Consider this scenario:

  • I am developing a program FooSuite that uses a GPL-licenced library QuuxTools
  • I release the program FooSuite 1.0 under GPL

Later on I discover that, for some reason, I need to licence the program to someone on different terms.

  • I remove the dependency on GPL via QuuxTools, by either...

    • rewriting the program not to use this library any longer
    • obtaining a different licence for QuuxTools (if it's dual-licenced; see PyQt)
  • I release FooSuite 1.1 under a non-GPL licence.

However, FooSuite 1.1 is still a derivative work from FooSuite 1.0. I understand that it's not legal for a stranger to do what I did, but am I myself - as the owner of FooSuite - free from this restriction?


1 Answer 1


So long as you retain the copyright to all the code that is part of FooSuite (this gets problematic if you've incorporated code from the community unless you got the contributors to assign their copyright to you), you are free to distribute the code under as many different licenses as you'd like. So you could release FooSuite 1.1 under a different license.

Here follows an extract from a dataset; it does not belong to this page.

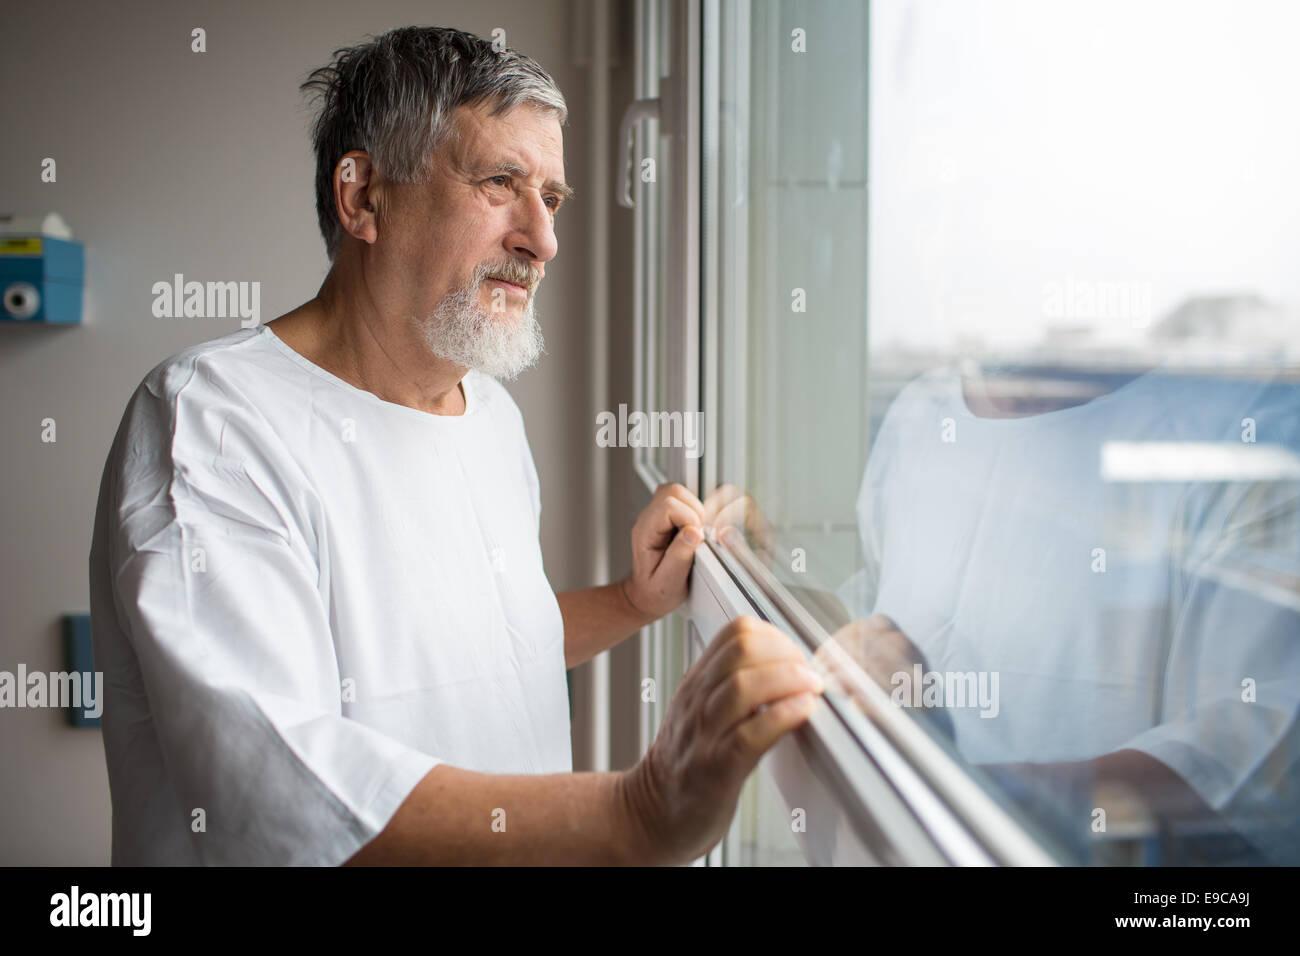 Paciente en un hospital, mirando desde la ventana de su habitación, yendo mucho mejor después de la cirugía Imagen De Stock

Of course, someone else could take the code to FooSuite 1.0 that is already released under the GPL and create their own OpenFooSuite 1.1 that would be under the GPL and incorporate whatever functionality you added for the 1.1 release. If there is a reasonably large community interested in FooSuite, it can be very difficult for your closed source version to compete with the open version.

  • 6
    Note that more than one open source project was killed by it's fork (usually slowly). XFree86 is one example, it was replaced by X.Org. OpenOffice (now "Apache OpenOffice") resulted in a similar fork, called LibreOffice which may or may not turn out to be the sole survivor of the two. Commented Dec 10, 2012 at 12:22
  • 3
    +1 for the solid answer. Remember that "Not using the GPL" is not the same as "Not open source". Pardoning the triple negative there, GPL is not the only route (license) to having open source. There's a whole host of alternatives. GPL may actually be inhibiting adoption by others because of its viral nature.